It is a known fact that many people in our society endure loneliness, including very young people. It is very sad to hear an 18-year-old girl admitting that she would like to die. Loneliness is an indiscriminating force gnawing the core of a healthy society, since a cohesive society can only be formed through strong relations.

Relations are fundamental throughout our existence and the world’s. This is strongly evident in nature where complex and healthy ecosystems depend on relations between the myriad of elements of which they consist.

If nature presents such fascinating relations, shouldn’t we all seek to foster a relationship with its Creator, who is the source of all well-intentioned relations in existence? People lead healthy lives if they are able to foster and maintain healthy relations. Strong cohesive families are the building blocks of a stable society, and we should seek to build and nurture our families on God’s omnibenevolent image.

Why is listening so fundamental? Through listening relations are created, or solidified. Being helped by others in sharing our burdens is a fundamental need. One needs to find somebody who can carry one’s burden with him, who can feel secure that what is confided remains in custody of one’s friend.

But for this to happen, we need to learn to listen, because listening properly is an art. One needs time to listen well, to remain in silent attention, in order to comprehend, to offer solutions without proposing anything, or worse still, preparing an answer while listening. One feels understood and truly aided not with words but with disinterested concern.

Listening to the cry for life of the unborn, to the sigh of relief of those who anxiously awaited the result of a blood test, to the good news of a married couple who for years have hoped to have a baby…, is the way we build brick by brick a just and strong social milieu.

Interestingly, the fact that students who are regularly corrected for their misbehaviour will be the ones who will, ultimately, most appreciate their guardians, for the simple reason that, on receiving their school-leaving certificate, they remember more the attention and concern they received than their misdemeanour. This is quite significant. It denotes that we cannot live without others’ attention and care. Such efforts, even when corrective, will be ultimately valued by the individual.

Our hectic way of living does not promote healthy relationships

Prevention is better than cure, lest we want our society to resemble hasty patching of a wound. It is ironic that societal malaise is on the increase despite the seemingly economic well-being of our society.

To avoid depression, which is evidently present in our progressive society and which can lead, although not always evident, to suicidal thoughts, even suicide, the art of listening is cardinal in responsible individuals. When one is determined to take away one’s life in order to feel a degree of emotion and sentiment reflects terribly on our proliferous society.

Surely, one cannot give that which one has not.
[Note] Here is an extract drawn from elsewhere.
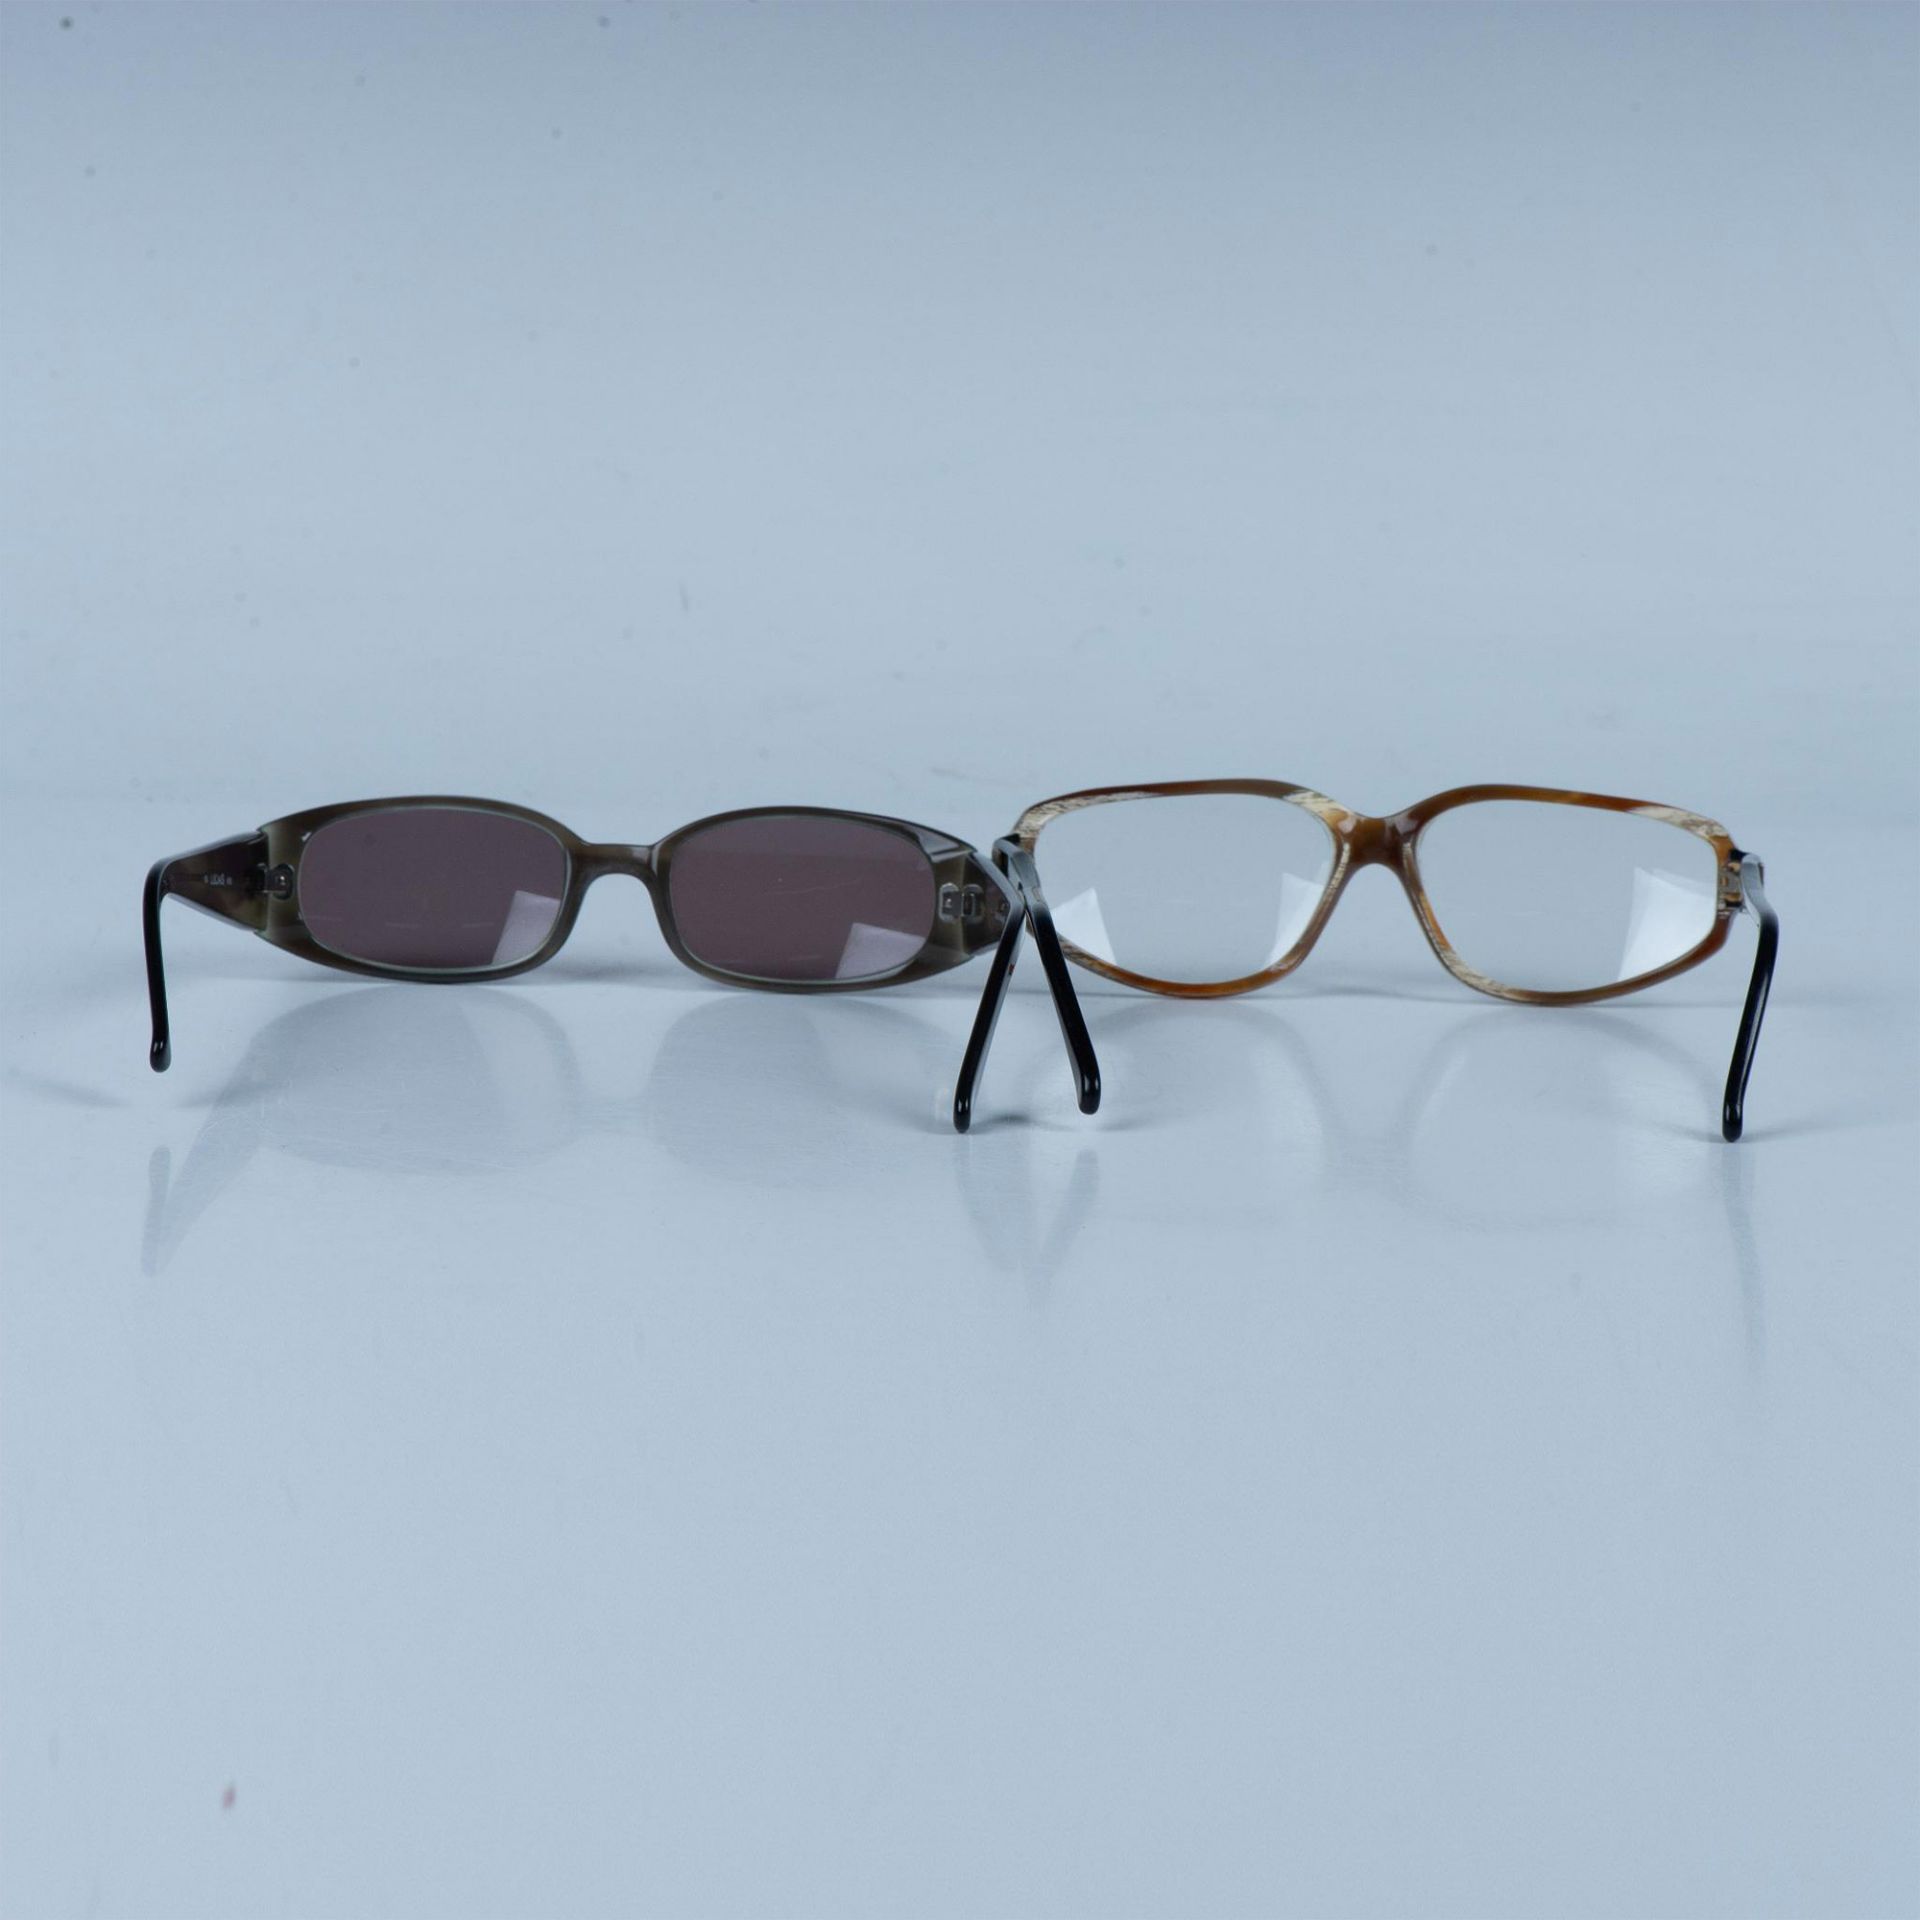 2pc Designer Eyeglass Frames - Image 3 of 11

I ask, will our families succeed to educate their children in this art of receiving one another from an early stage in life, given that the parents themselves are already distant, perhaps even ignoring each other, seemingly treading on irreconcilable parallel lines despite living under the same roof?

This reality seems to suggest that our society is heading where it shouldn’t, and, one might suspect, this is an irreversible process since both parents cannot refrain from going out to work, for obvious reasons, especially if they are in need of an income to settle their bank loans.
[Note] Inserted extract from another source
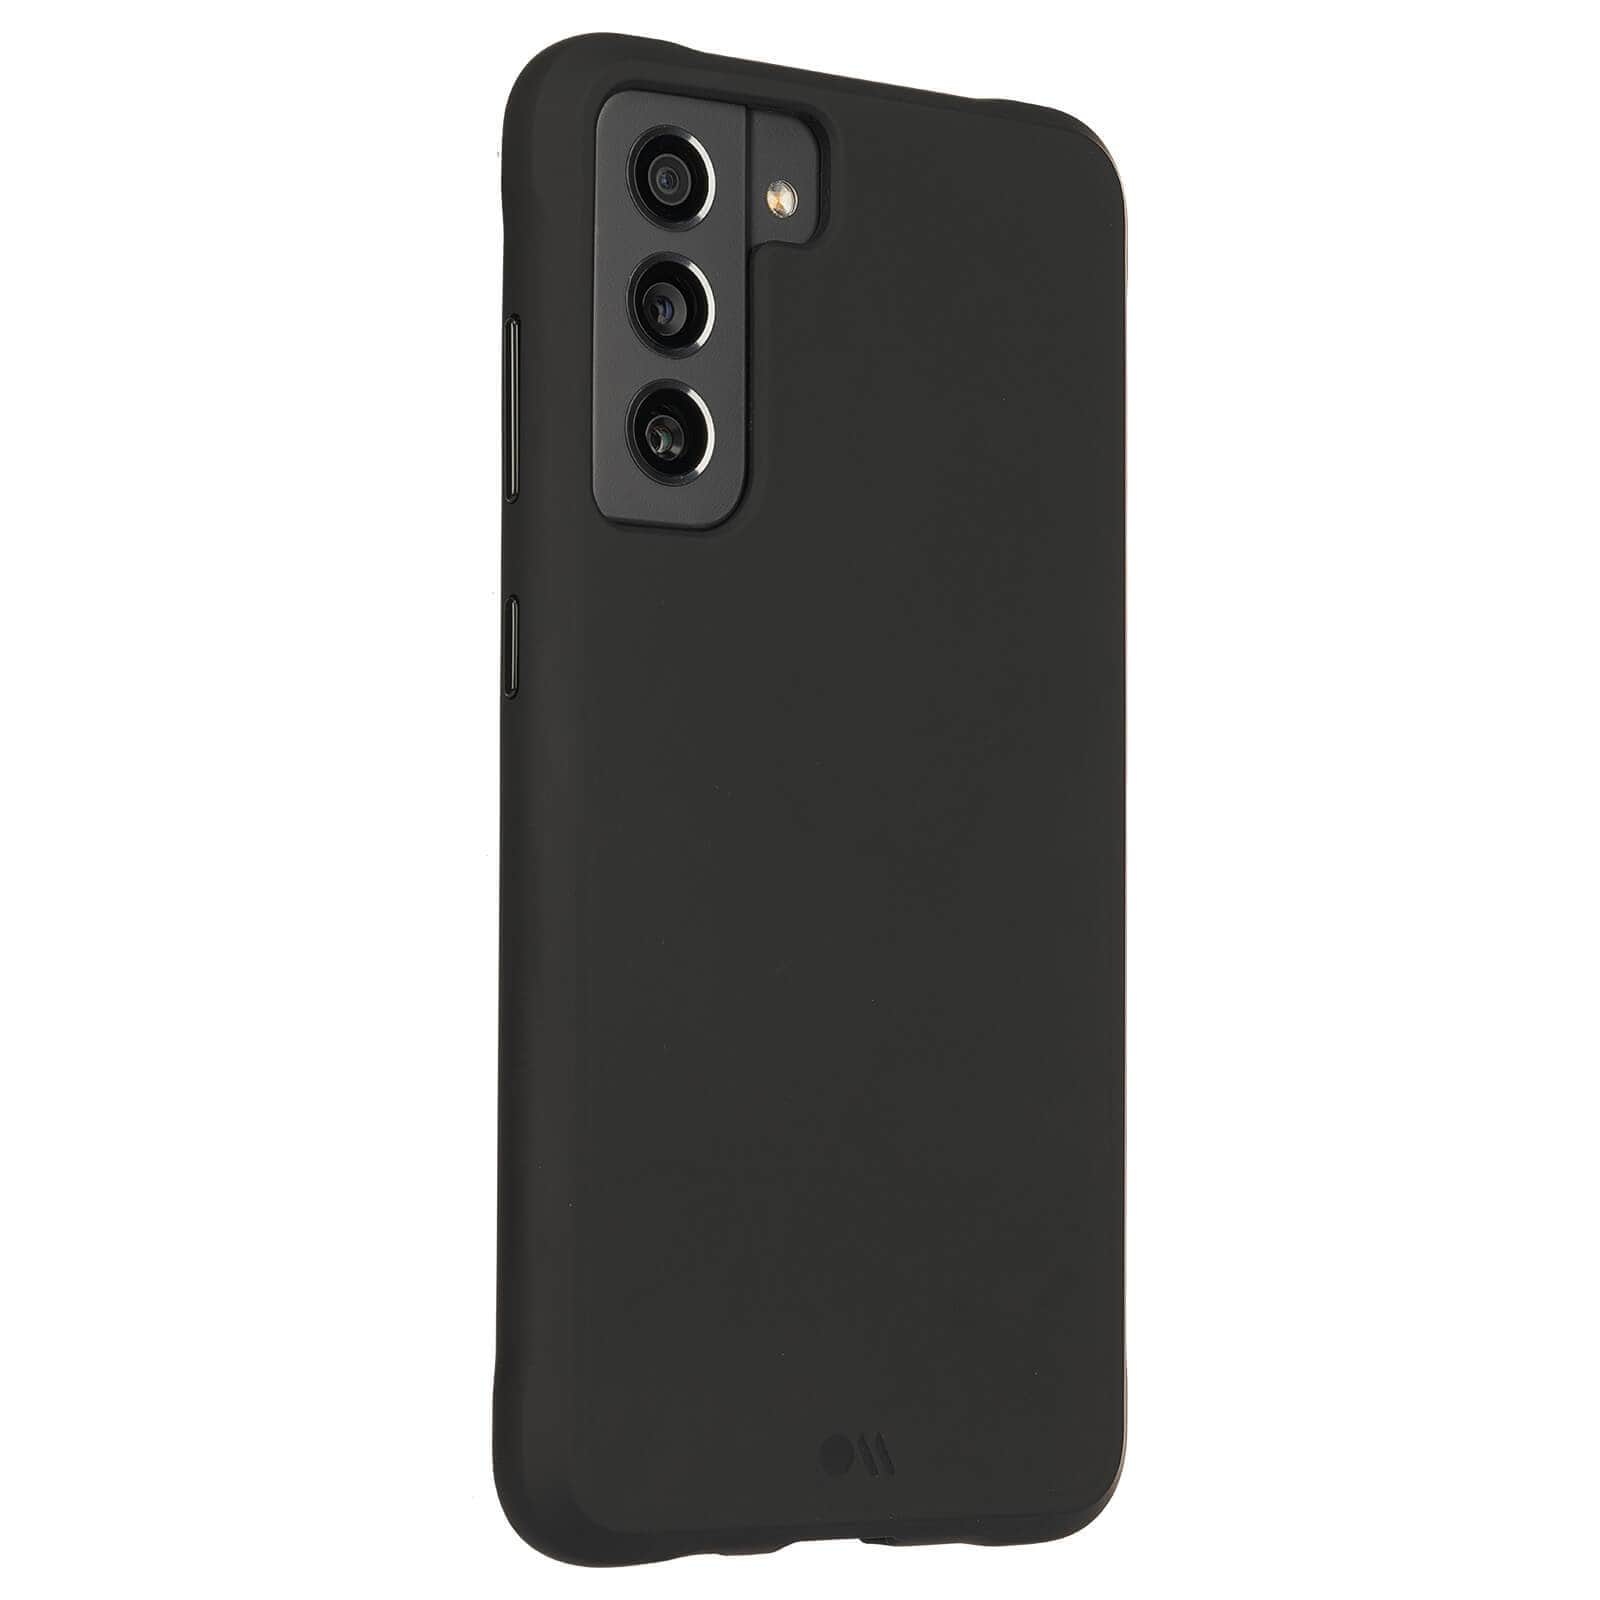 Tough black protective case for Samsung Galaxy S21 FE 5G color::Black

Our hectic way of living does not promote healthy relationships, where we can exchange ideas and express sentiments. Contemporary lifestyles are not conducive to emotional well-being. We barely look at each other’s eyes, hold hands, address emotional and psychological hurts, share experiences, tell stories, have a beer together. Today relaxing is almost frowned upon; we almost conclude, erroneously, that we “lose time” in friendship.

In an ideal world, people are respected for what they really are, not as robots, not as machines, not as merely administrators, not whether one is rich or poor, not as outsiders, not as numbers; but names, members of a true brotherhood.
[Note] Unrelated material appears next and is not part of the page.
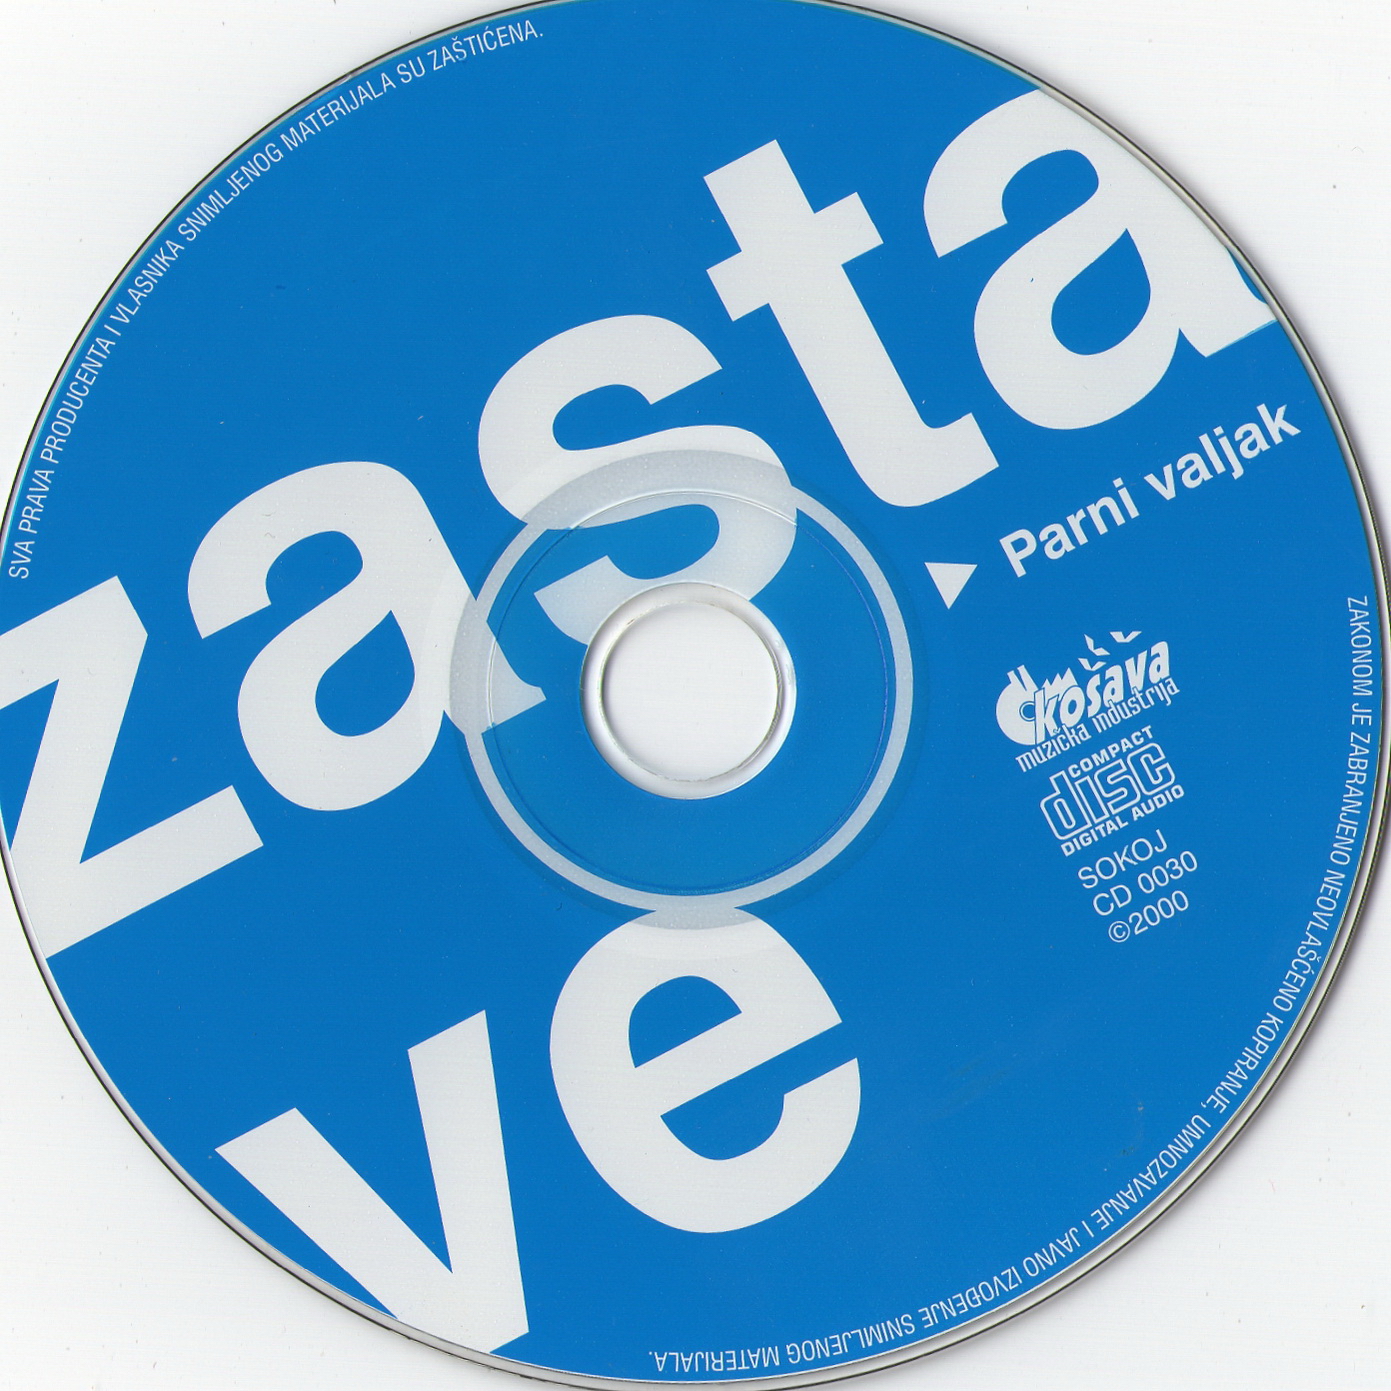 Parni valjak 2000 Zastave cd

This would also guarantee a much-desired inclusive society, where no one lives in anonymity, no one feels unwanted, irrelevant and unaccepted.

The welcoming of foreigners in our small country will not remain an ideal concept if charity actually begins at home! This underlines the need for us to be true listeners to one another. If we are not able to listen to our beloved ones with whom we are so closely related, will we ever succeed to welcome people who arrive from afar?

Promoting the art of listening is surely a comprehensive challenge but also a possibility to guarantee to our new generations a world which is far better than the contemporary one, where the Mediterranean will no longer be a massive cemetery but a cradle of life.   

Rev. Dr Joseph Zammit is assitant head at the Sacred Heart Minor Seminary, Gozo.